The thing is on pre-NES consoles most games were arcade ports of very simple games that dealt with single screens at a time, were score focused, and didn't have much depth. The entire gameplay was always focused on a single addicting mechanic for a high score or competing with another player in the same mechanics. There is a completely transformative difference for the type of games that came out on NES (and Sega systems, and MSX, and etc) vs what came before.
I like to think of the line as being Super Mario Bros, but Namco was even earlier with Pac-Land in arcades and Capcom was right on point with Makaimura coming out around the same time as SMB. It was the technology of the era that drove games to be more complicated + interesting and the 1985 line in that sense is just really hard for me to cross back over. This idea of longer games that exist outside of the narrow box of your screen and outside of one sitting, games that scroll through big worlds or games that can persist data across play sessions, games that are about more than just competing with another player but interacting with a game world are what matter to me.
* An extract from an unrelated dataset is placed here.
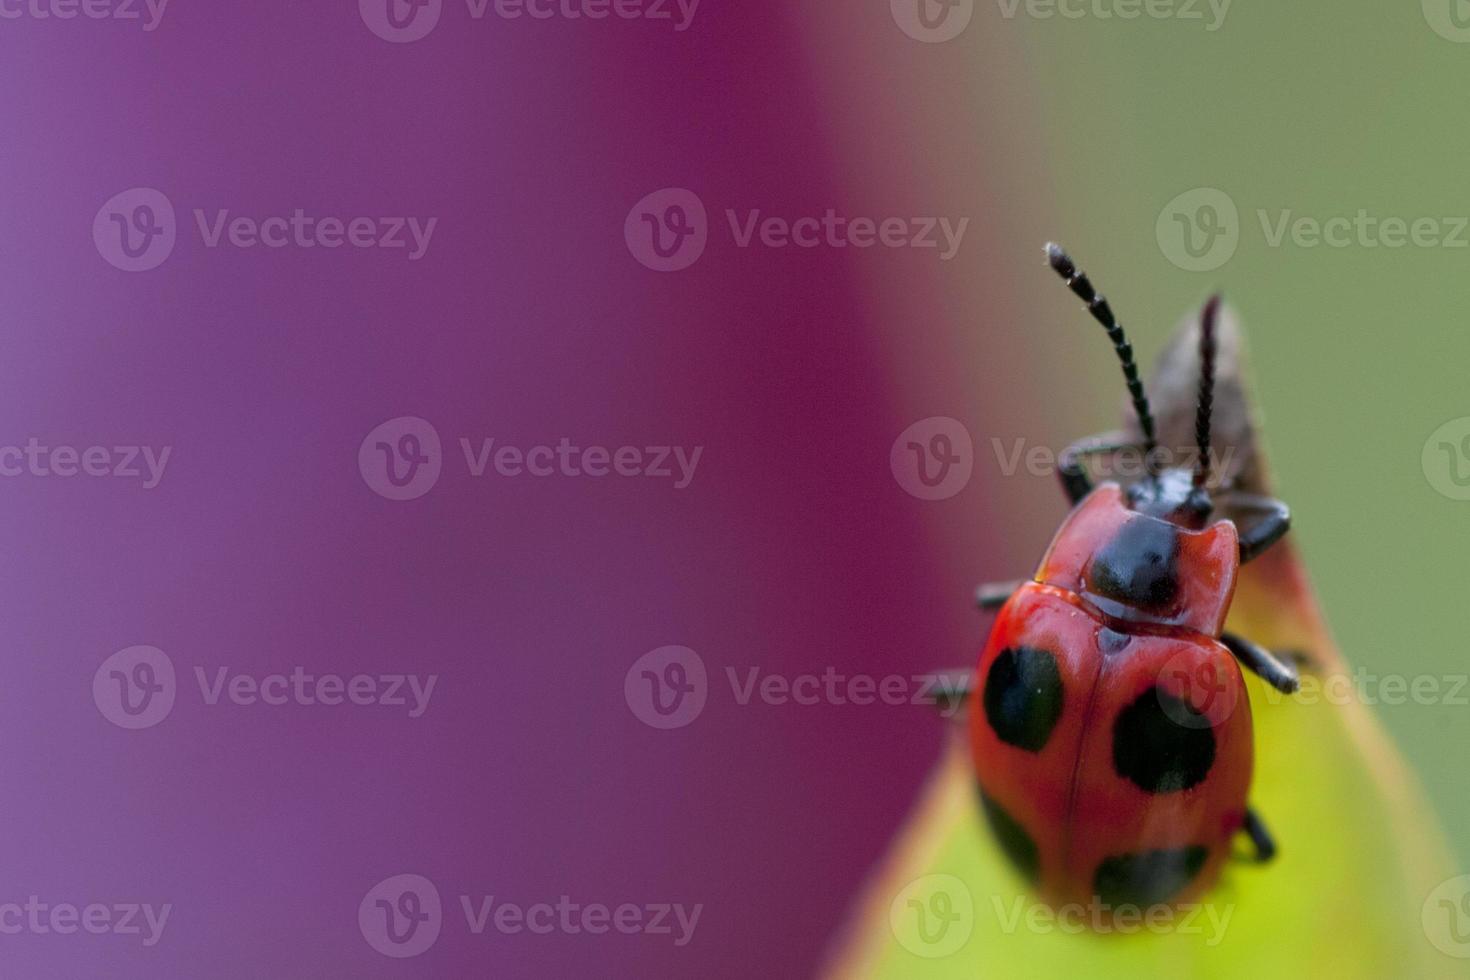 A ladybug hanging on a leaf photo
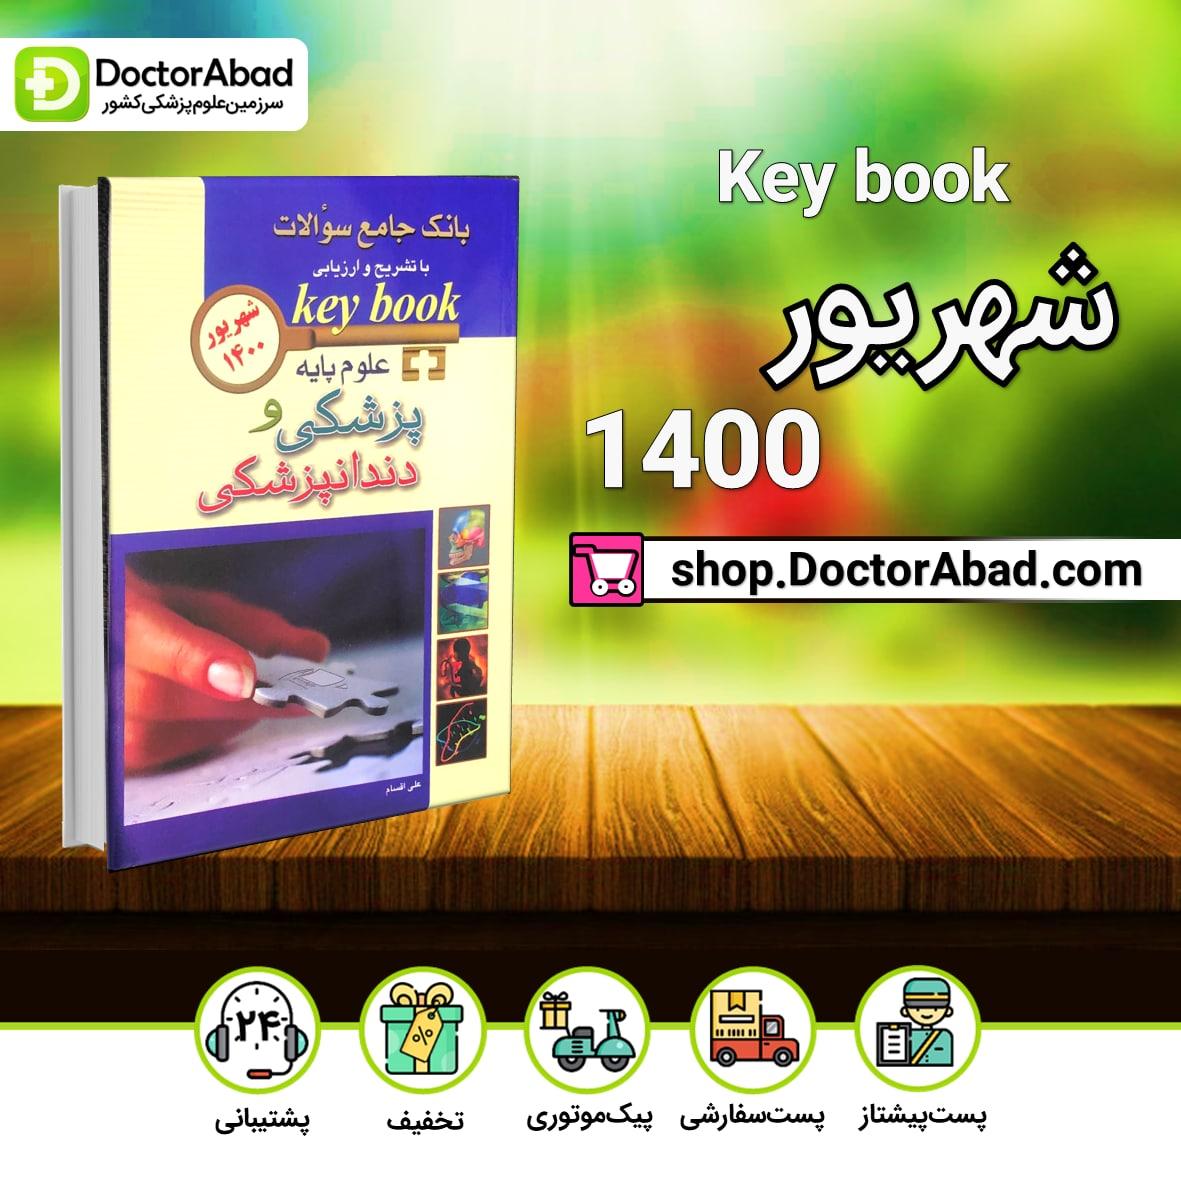 key book بانک جامع سوالات علوم پایه پزشکی و دندانپزشکی شهریور 1400(انتشارات اندیشه رفیع)

The explosion of game genres after 1985 is really a result of the improving technology and the NES just happened to have the right mix of technology at the right time to be the first platform for many groundbreaking and long-running game series.
I don't really know how you can like SNES or Genesis and not like what's on tap for NES. Sure, developers got better at making games, the resources they had were better in terms of storage space, system speed, sprite limits, color, and so on, but fundamentally the types of games you got were pretty similar.